We were brought back into the present when the sober-suited current Duke of Gloucester
stepped forward to light a remembrance beacon at Bosworth which was due to burn until
the king was re-interred at Leicester Cathedral on March 26.
My own final thought on this extraordinary occasion was that I had expected the hairs on
the back of my neck to stand up when Richard’s coffin appeared.
They did when I visited the actual site of his death at nearby Fenn Lane Farm last year and I
espied a row of thorn bushes. They were in my imagination descendants of the one where
Lord Stanley found Richard’s crown in 1485.
That they didn’t this time was possibly because the coffin was so utterly plain and bizarrely
pulled up Ambion Hill by 30 local army cadets in modern uniform.
Far better to have dressed them in medieval garb.
But it was a highly impressive and emotional day nonetheless, organised by Leicester’s
council, university and cathedral plus Bosworth Battlefield Museum.
And if Richard’s reputation stood at zero for hundreds of years, it now appears to be
approaching hero, with even the Bishop of Leicester and the Catholic Archbishop of
Westminster going into bat for him during their sermons.
And methinks that Leicestershire is now securely based in the English premier league of
tourist attractions.
And by the way . . .
THE discovery of Richard lll’s body under a Leicester car park came as no great surprise to
some Northampton history buffs.
Medieval expert David Baldwin has been telling adult history groups in the town for 22 years
that this is where he would be found.
He wrote in an historical journal in 1986: “It is possible . . . that sometime in the 21st
Century an excavator may yet reveal the slight remains of this famous monarch . . . most
probably . . . beneath the northern (St Martin’s) end of Grey Friars Street.”
This helped prompt the Richard lll Society to press for the dig and on March 21 he told a
packed lecture theatre at Leicester University why his researches made him so sure.

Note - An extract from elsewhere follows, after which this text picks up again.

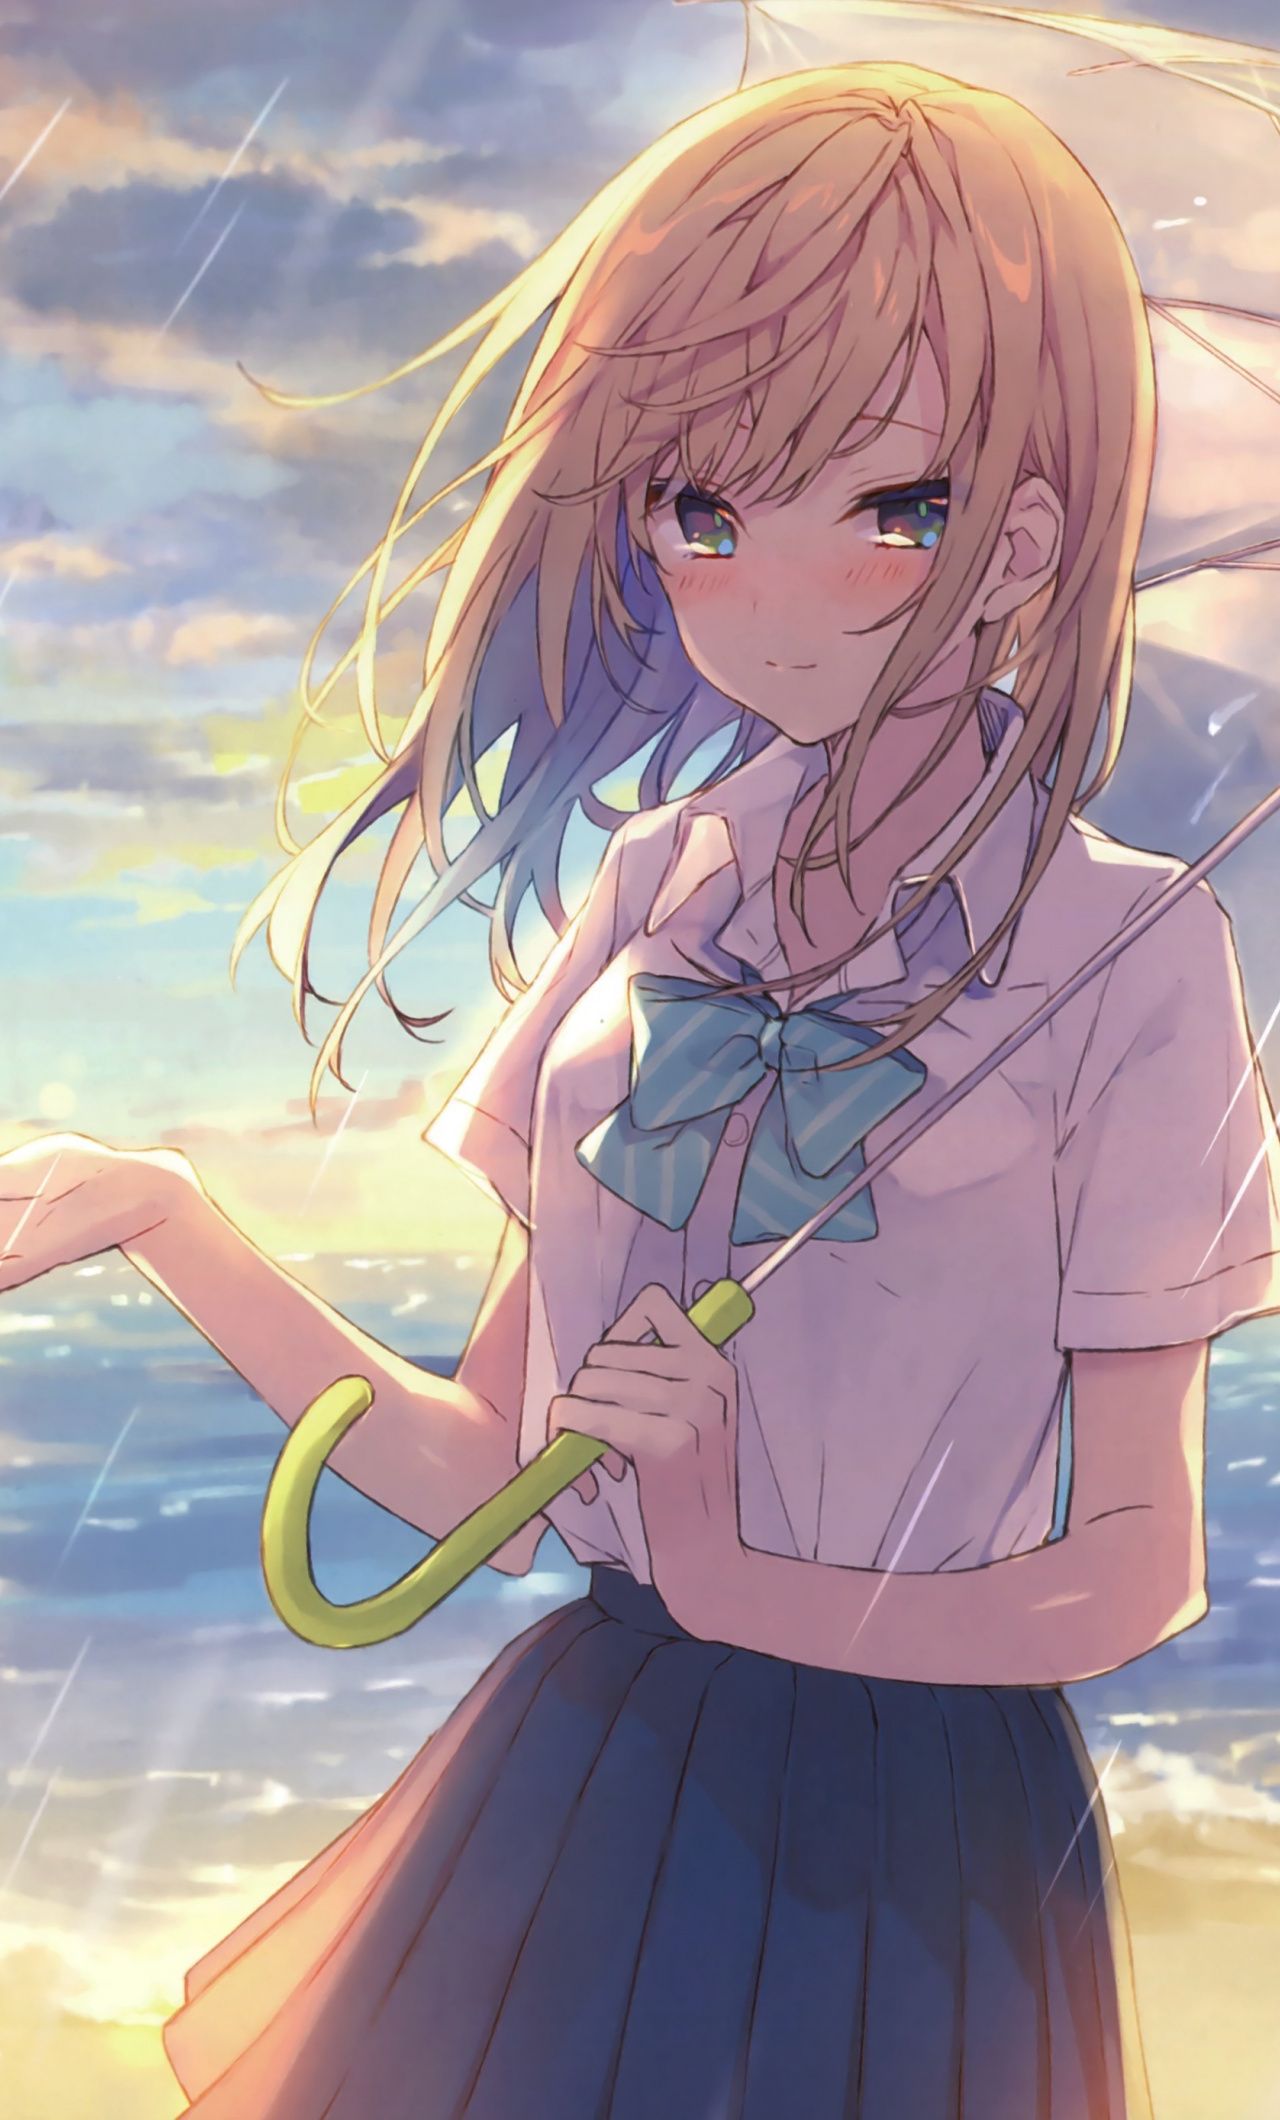 Wallpaper Outdoor, Cute Anime Girl, Rain, Umbrella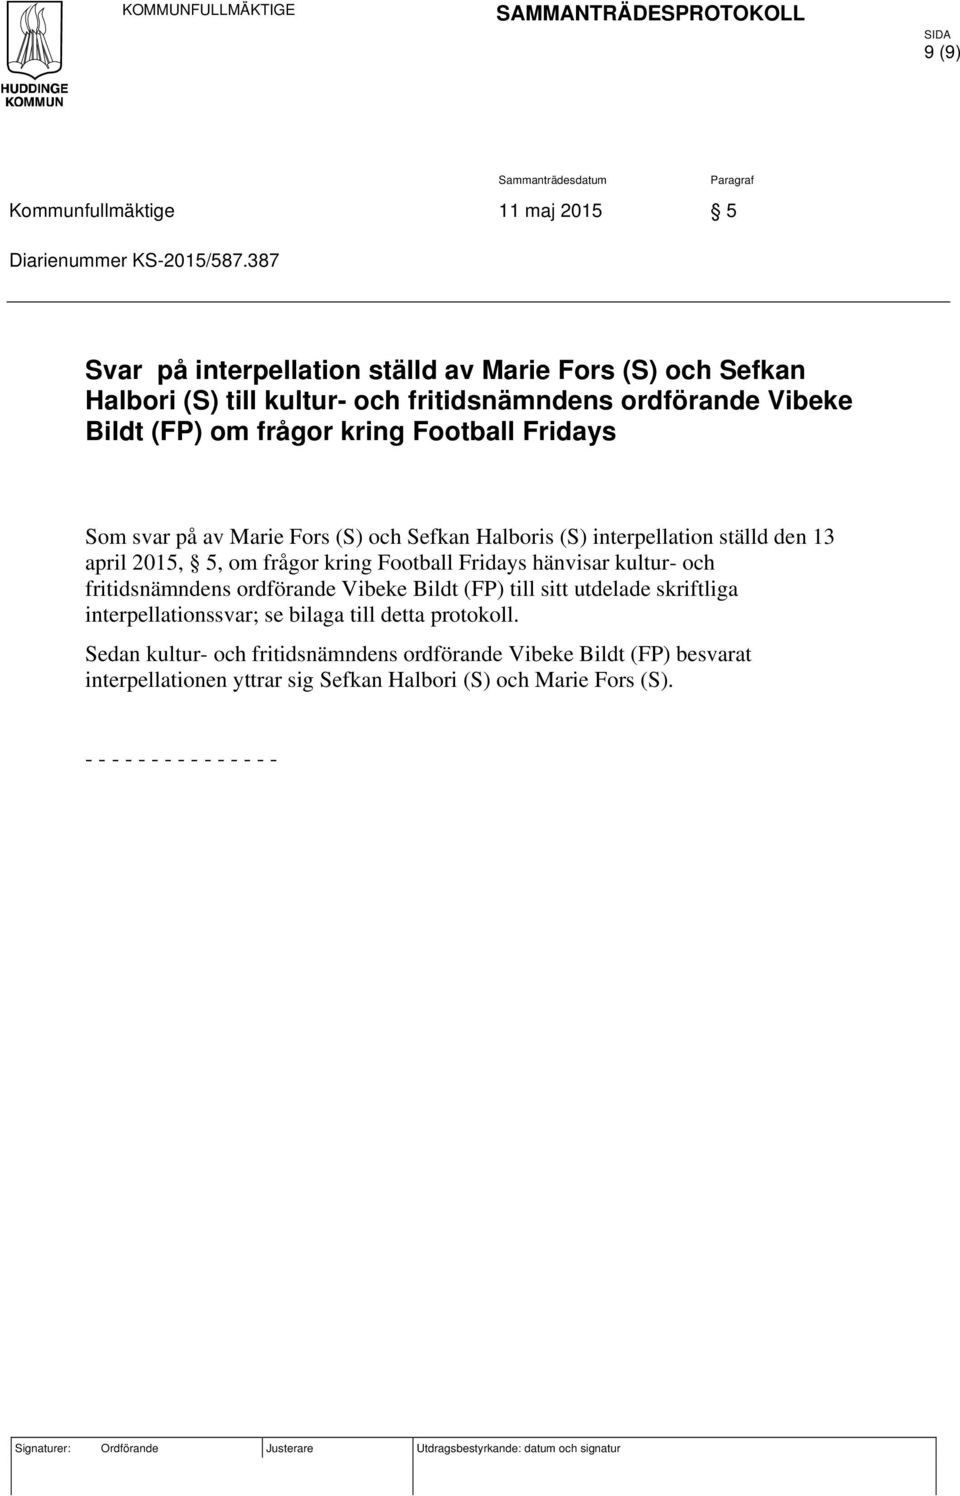 och Sefkan Halboris (S) interpellation ställd den 13 april 2015, 5, om frågor kring Football Fridays hänvisar kultur- och fritidsnämndens ordförande Vibeke Bildt (FP) till sitt utdelade skriftliga

“It was claimed Richard’s bones had been thrown into the River Soar when the monasteries
were dissolved. But this account had been written 70 years later and I wasn’t inclined to
believe it,” he said.
“The mayor of Leicester later built a house on the site and erected a stone pillar to mark
Richard’s grave. This disappeared – probably during the Civil War - but its existence had
been well documented and indicates the mayor was sure he had Richard’s remains.”
David, 66, from Leicester and an author of several acclaimed books on the Plantagenets,was
giving interviews to media from all over the world last week.
“Richard lll is now more popular than he’s ever been,” he said. “No other king has caught
the same imagination.
“Shakespeare made him into an arch-villain but to find more about his character we’ll have
to keep digging. Only this time it will be in the archives.”